Kamuculuk neden yükselişe geçer? Asyalıların eski Konfiçyüscü toplum anlayışında “birey” olmak densizlik ve ayıp sayılıyor. Bu anlayış; herkesin toplum içindeki yerini bildiği, kimsenin bir diğeriyle eşit olmadığı hiyerarşik bir düzen öngörüyor. Bugün anladığımız anlamda “Demokrasi”nin kendine yer bulamadığı eski sistemlerin tamamında, halkı hoş tutmak ve refahını sağlamak esastır. Asya’da artık herkesin bildiği taoist bir söz vardır: “En iyi yönetim, varlığını hissettirmeyen yönetimdir” der. Çin’in son 30 yılda yaşadığı inanılmaz ekonomik başarının kökeninde, yönetimin kendini hissettirmemesinden çok, halkın refahını inanılamayacak boyutlarda yükseltmesi geliyor. Konfiçyüscü toplumlarda eşitlik değil, hiyerarşide herkesin halinden memnuniyeti ve disiplin önemsenir. Çin’in son başarısı, refahı artırılıp halka yayan “kamusal” yanından değil de otokrat yanından bakarak örnek alınınca, “oteriterleşirsek daha başarılı oluruz” yanılsamasını üretti.

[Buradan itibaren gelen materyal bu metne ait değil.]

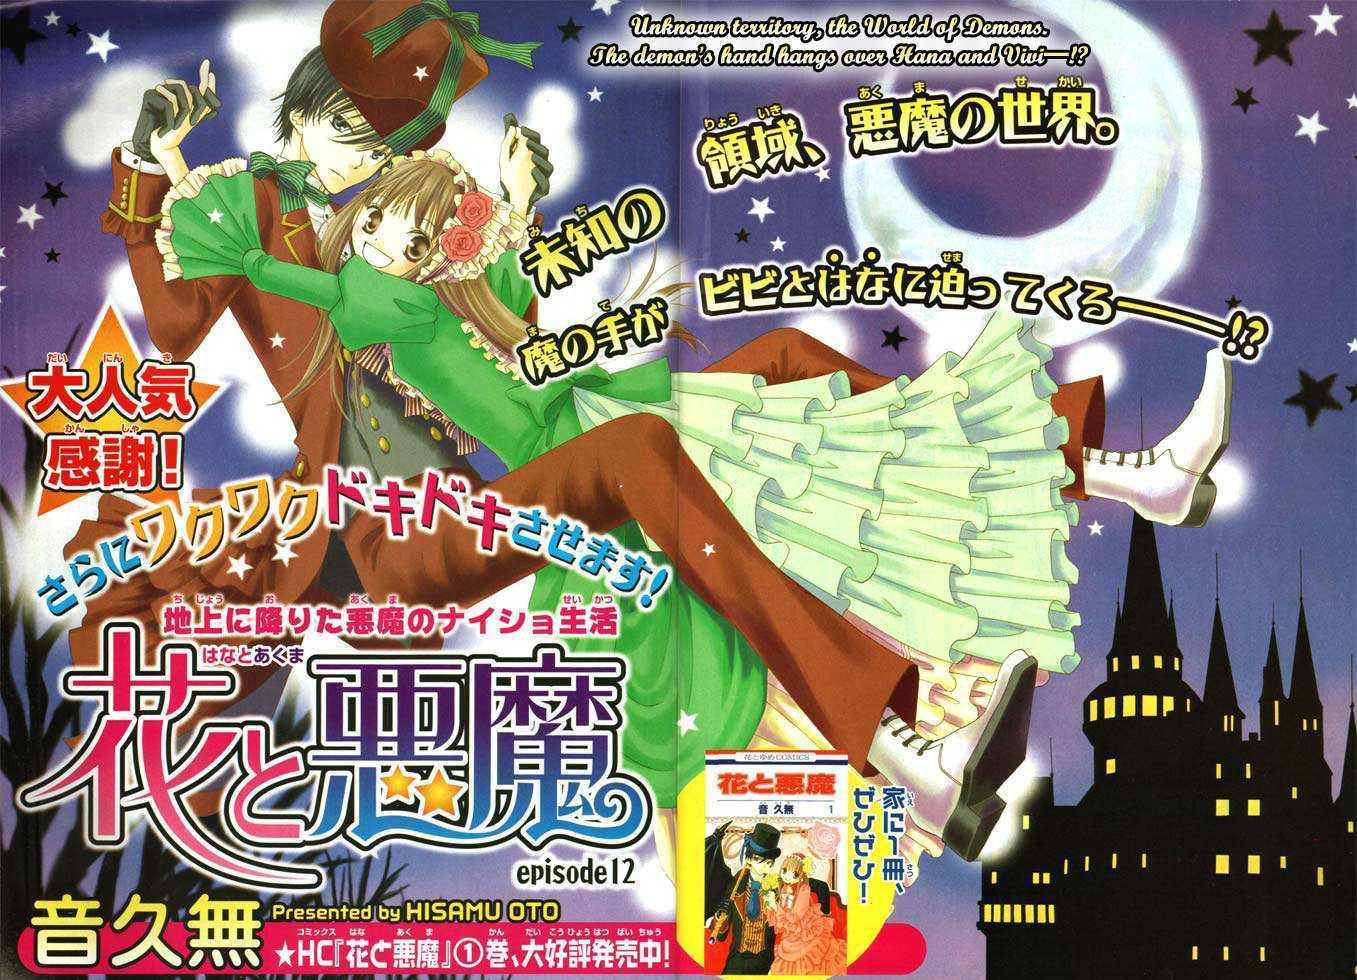 https://im.nineanime.com/comics/pic9/30/7390/129792/HanatoAkuma120728.jpg Page 1
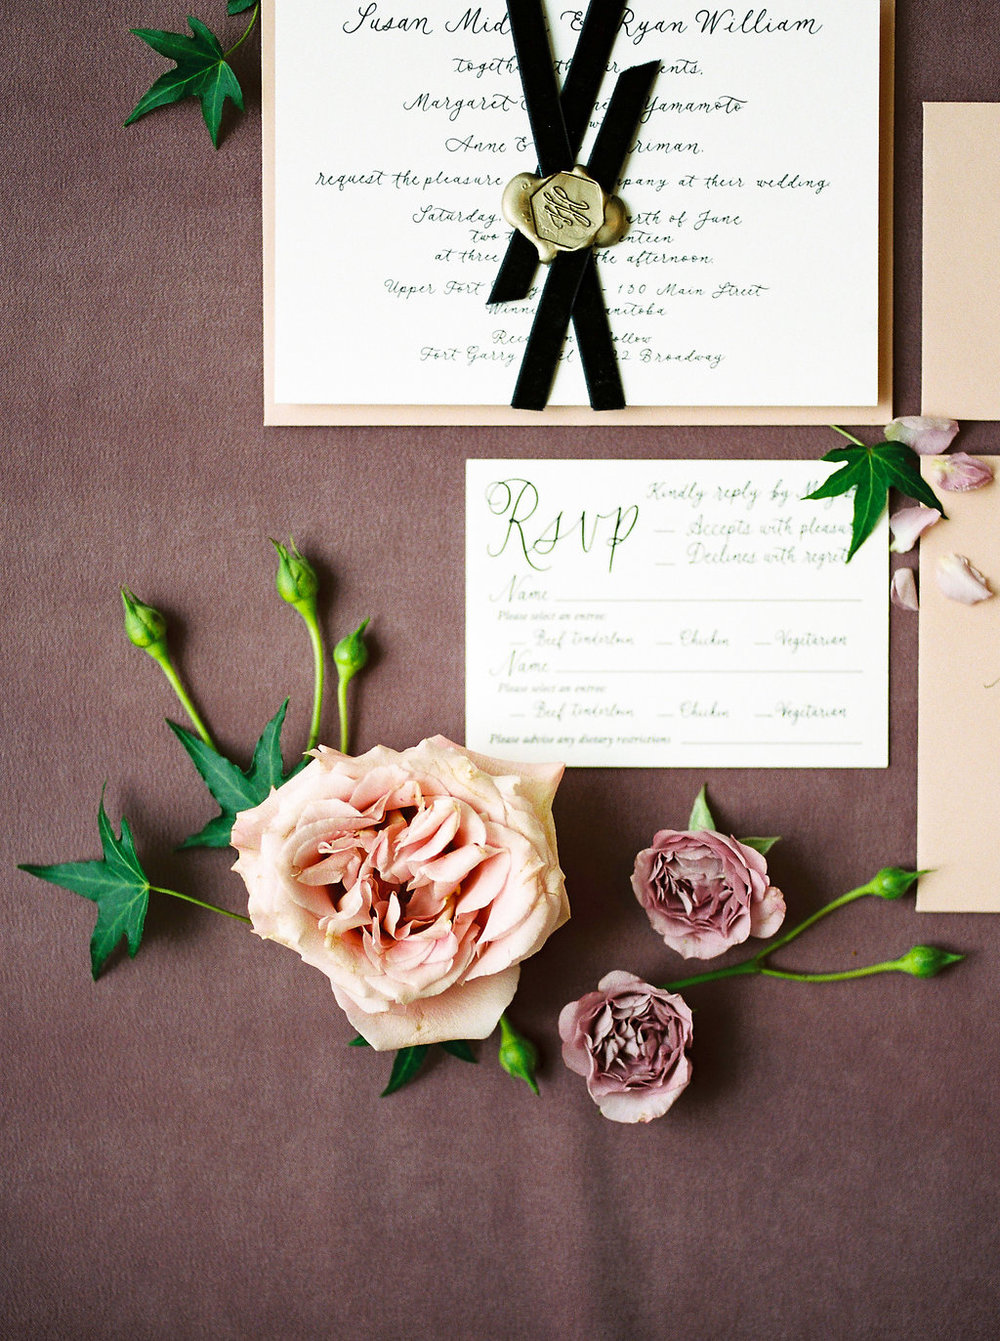 Calligraphy Wedding Invitations - Romantic Wedding Inspiration

Çin ve Hindistan gibi “biz” anlayışının güçlü olduğu Asya ülkelerinin yükselişi, acaba liberal kapitalist sistemi “kamu yararı ekonomisi” yönünde bir değişime zorlayabilir mi? “Varlıklı birey” temeli üzerine kurulmuş bir sistemin DNA’sını değiştirmeden, zor. “Biz” kültürünün gelişkin olduğu Asya ülkelerinde demokrasinin “toplumun genel yararı” adına kısıtlanması, kamu yararının her zaman ön planda tutulduğu anlamına gelmiyor. Uzun vadeli toplumsal etkileşimleri göz önünde bulundurmayan otokratik rejimlerin çoğunda, iktidarın çevresinde oluşmuş plütokrasiler var. Bunlar, kamu mallarını ve kaynaklarını özelleştirmeler ve ihaleler yoluyla ele geçiriyorlar ve kamuyu sadece “yararlanılacak kitle” olarak görüyorlar. Yani otoriterleşmeye katlanabilmesi için halka sundukları kuru bir umut ışığı bile yok. Bu durum, kamu yararını radikal bir şekilde savunacak ve sağlayacak yeni siyasi anlayışların mutlaka Doğulu, Asyacı, Konfiçyüscü bir “biz” anlayışı arka planına yaslanması gerekmiyor. Tam aksine. Ister Doğuda ister Batıda olsun, ülkelerinin kaynaklarını küçük bir imtiyazlı plütokrasiye sunan popülist yönetimler, “Cumhuriyetçi”, “Sosyalist”, “Anarko-bilmem ne” de olsalar, 2025’den itibaren kamucu halk hareketlerinin hedefi haline gelebilirler. Yeni “Biz” toplumları, bireyselliğe de alabildiğine önem vermekle birlikte, “varlıklı insan”ın varlığını sınırlayıp fazlasını kamulaştırarak, “insan” yapmaya aday.